A. Lincoln
Mr. President:—I thank you very sincerely for this cordial greeting. I hear in your speech something like a welcome home after a long absence. More years of my life and labors have been spent in this than in any other State of the Union. Anywhere within a hundred miles of the goodly city of Rochester, I feel myself at home and among friends. Within that circumference, there resides a people which have no superiors in point of enlightenment, liberality, and civilization. Allow me to thank you also, for your generous words of sympathy and approval. In respect to this important support to a public man, I have been unusually fortunate. My forty years of work in the cause of the oppressed and enslaved, has been well noted, well appreciated, and well rewarded. All classes and colors of men, at home and abroad, have in this way assisted in holding up my hands. Looking back through these long years of toil and conflict, during which I have had blows to take as well as blows to give, and have sometimes received wounds and bruises, both in body and in mind, my only regret is that I have been enabled to do so little to lift up and strengthen our long enslaved and still oppressed people. My apology for these remarks personal to myself, is in the fact that I am now standing mainly in the presence of a new generation. Most of the men with whom I lived and labored in the early years of the abolition movement, have passed beyond the borders of this life. Scarcely any of the colored men who advocated our cause, and who started when I did, are now numbered among the living, and I begin to feel somewhat lonely. But while I have the sympathy and approval of men and women like these before me, I shall give with joy my latest breath in support of your claim to justice, liberty, and equality among men. The day we celebrate is preëminently the colored man’s day. The great event by which it is distinguished, and by which it will forever be distinguished from all other days of the year, has justly claimed thoughtful attention among statesmen and social reformers throughout the world. While to them it is a luminous point in human history, and worthy of thought in the colored man, it addresses not merely the intelligence, but the feeling. The emancipation of our brothers in the West Indies comes home to us and stirs our hearts and fills our souls with those grateful sentiments which link mankind in a common brotherhood.

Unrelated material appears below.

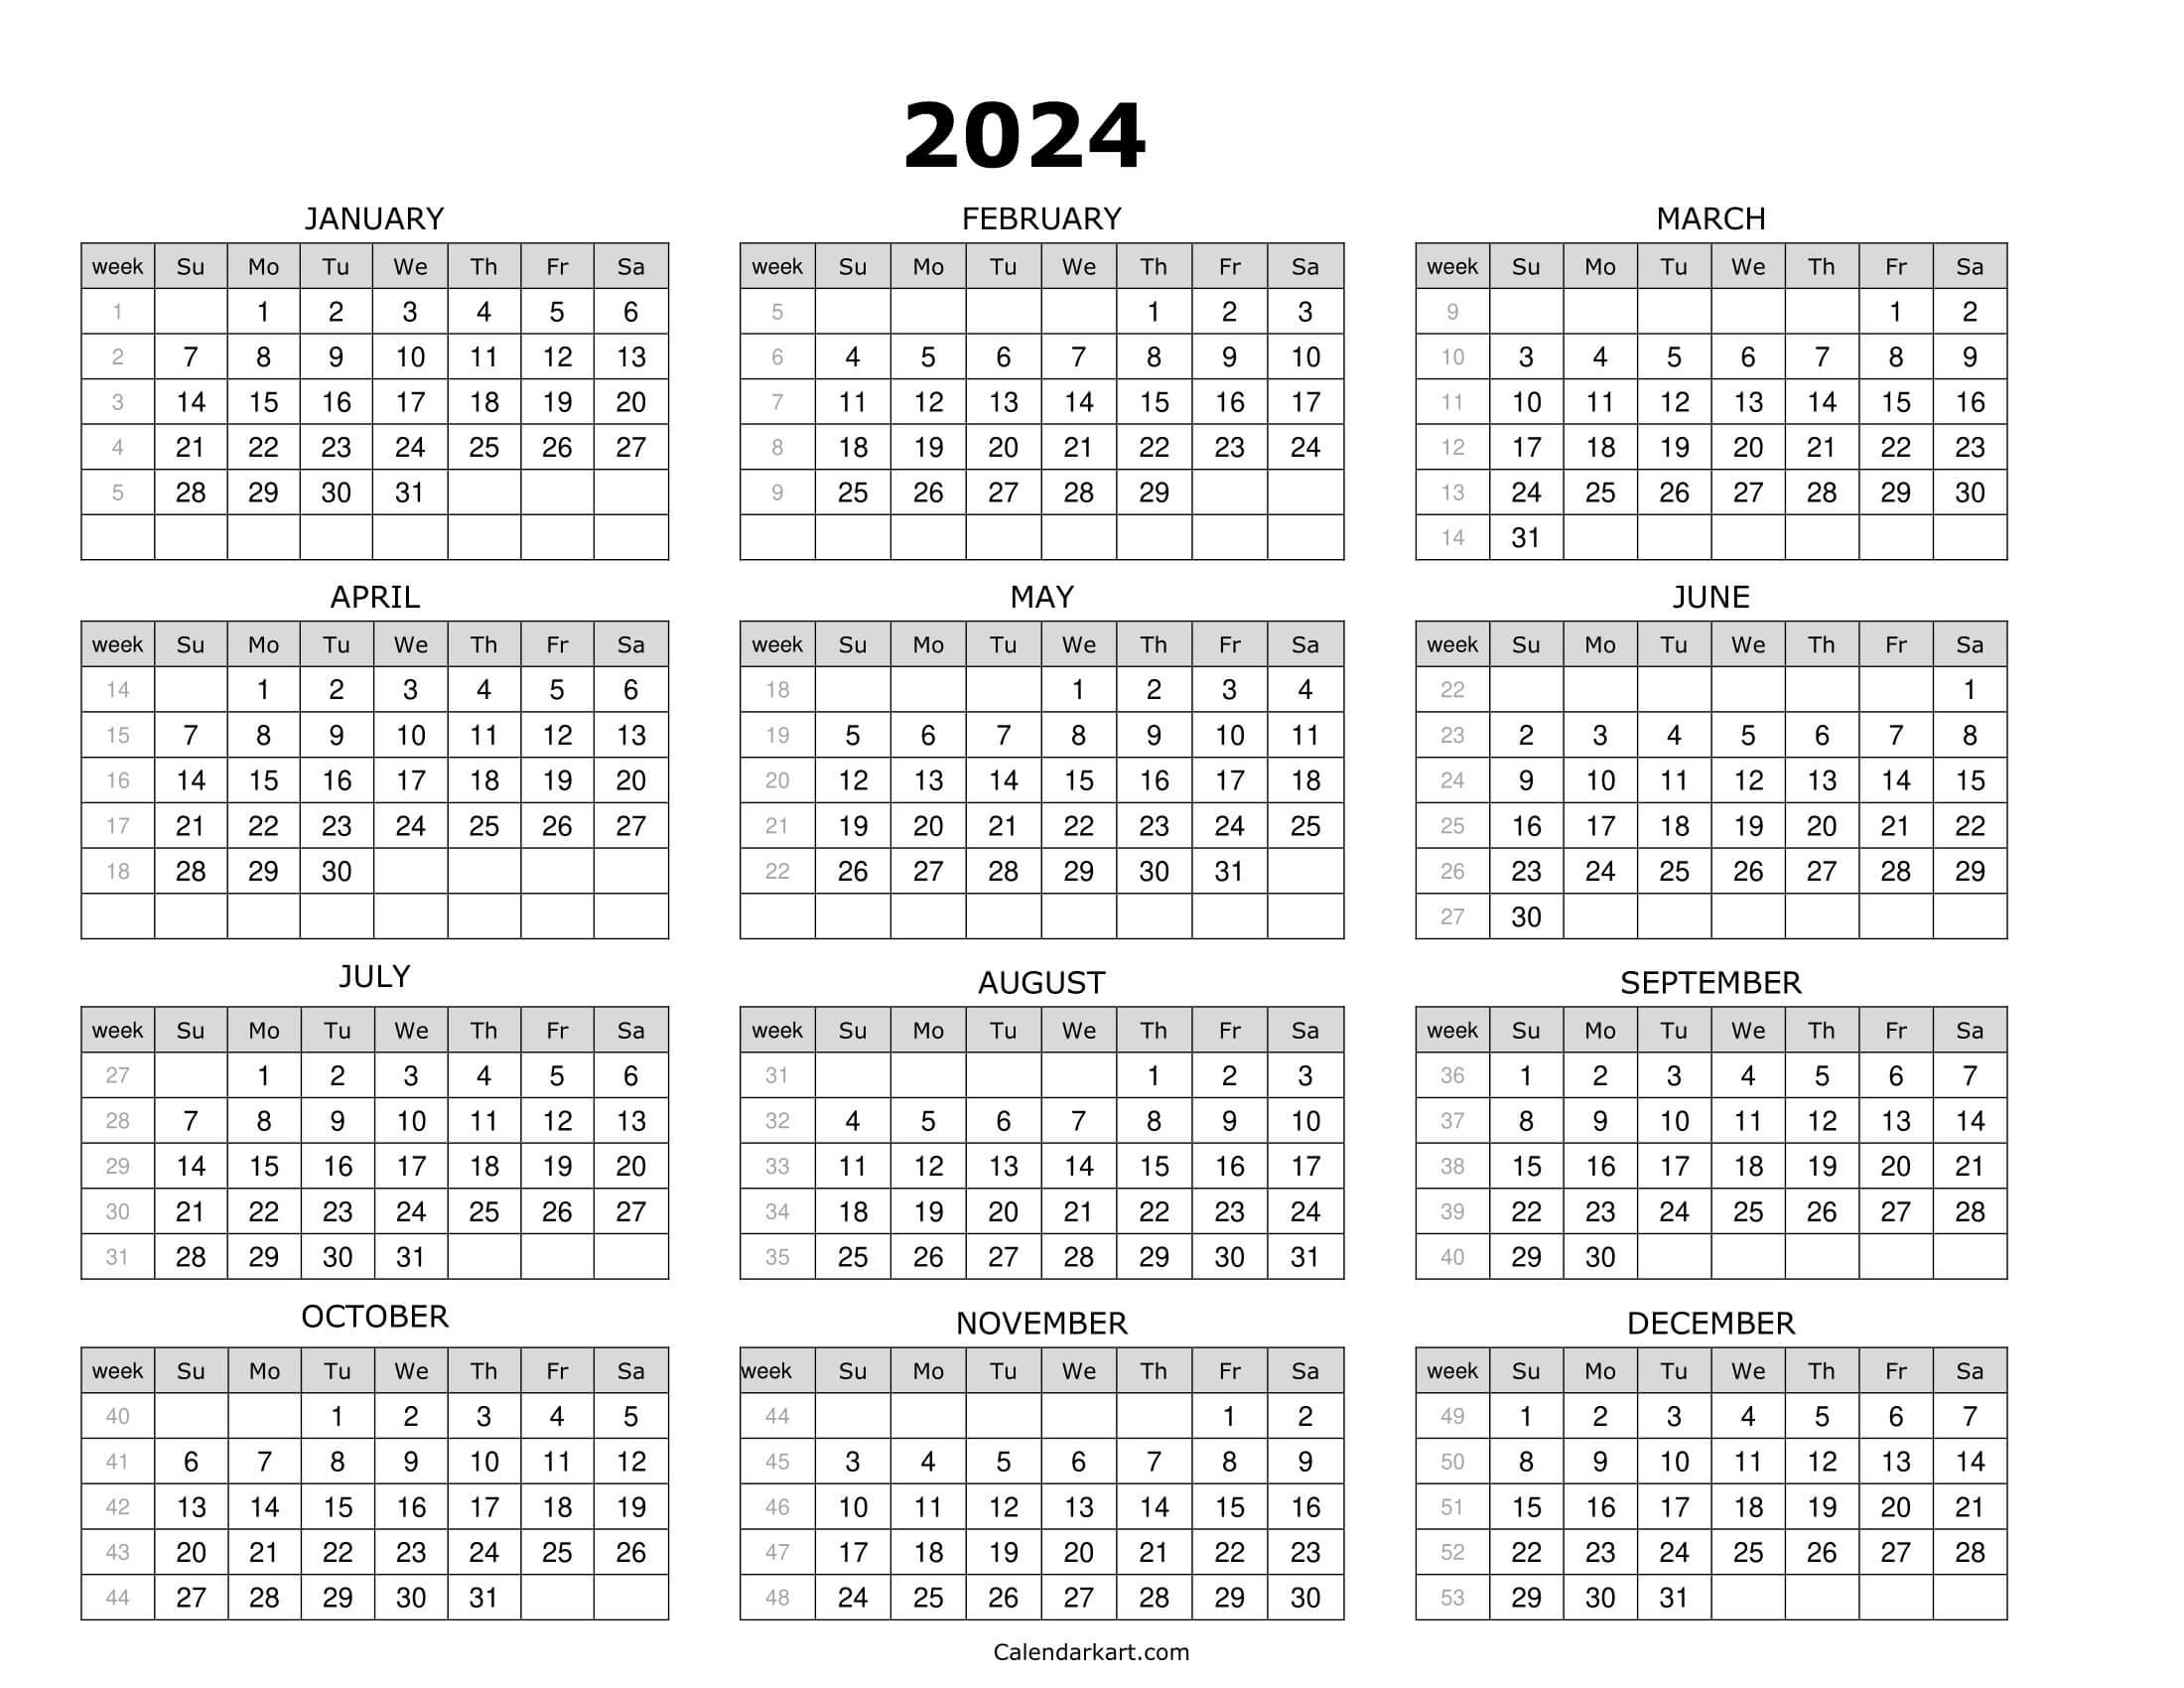 Download Printable Year At Glance Calendar 2024 | Calendarkart throughout Free Printable Calendar 2024 Date And Time

In the history of the American conflict with slavery, the day we celebrate has played an important part. Emancipation in the West Indies was the first bright star in a stormy sky; the first smile after a long providential frown; the first ray of hope; the first tangible fact demonstrating the possibility of a peaceable transition from slavery to freedom of the negro race. Whoever else may forget or slight the claims of this day, it can never be other to us than memorable and glorious. The story of it shall be brief and soon told. Six-and-forty years ago, on the day we now celebrate, there went forth over the blue waters of the Carribean sea a great message from the British throne, hailed with startling shouts of joy and thrilling songs of praise. That message liberated, set free, and brought within the pale of civilization eight hundred thousand people, who, till then, had been esteemed as beasts of burden. How vast, sudden, and startling was this transformation! In one moment, a mere tick of a watch, the twinkle of an eye, the glance of the morning sun, saw a bondage which had resisted the humanity of ages, defied earth and heaven, instantly ended; saw the slave-whip burnt to ashes; saw the slave’s chains melted; saw his fetters broken, and the irresponsible power of the slave-master over his victim forever destroyed.
I have been told by eye-witnesses of the scene, that, in the first moment of it, the emancipated hesitated to accept it for what it was. They did not know whether to receive it as a reality, a dream, or a vision of the fancy.
No wonder they were thus amazed, and doubtful, after their terrible years of darkness and sorrow, which seemed to have no end. Like much other good news, it was thought too good to be true. But the silence and hesitation they observed was only momentary. When fully assured the good tidings which had come across the sea to them, were not only good but true; that they were indeed no longer slaves, but free; that the lash of the slave-driver was no longer in the air, but buried in the earth; that their limbs were no longer chained, but subject to their own will, the manifestations of their joy and gratitude knew no bounds, and sought expression in the loudest and wildest possible forms. They ran about, they danced, they sang, they gazed into the blue sky, bounded into the air, kneeled, prayed, shouted, rolled upon the ground, embraced each other. They laughed and wept for joy. Those who witnessed the scene say they never saw anything like it before.
We are sometimes asked why we American citizens annually celebrate West India emancipation when we might celebrate American emancipation. Why go abroad, say they, when we might as well stay at home?
The answer is easily given. Human liberty excludes all idea of home and abroad. It is universal and spurns localization.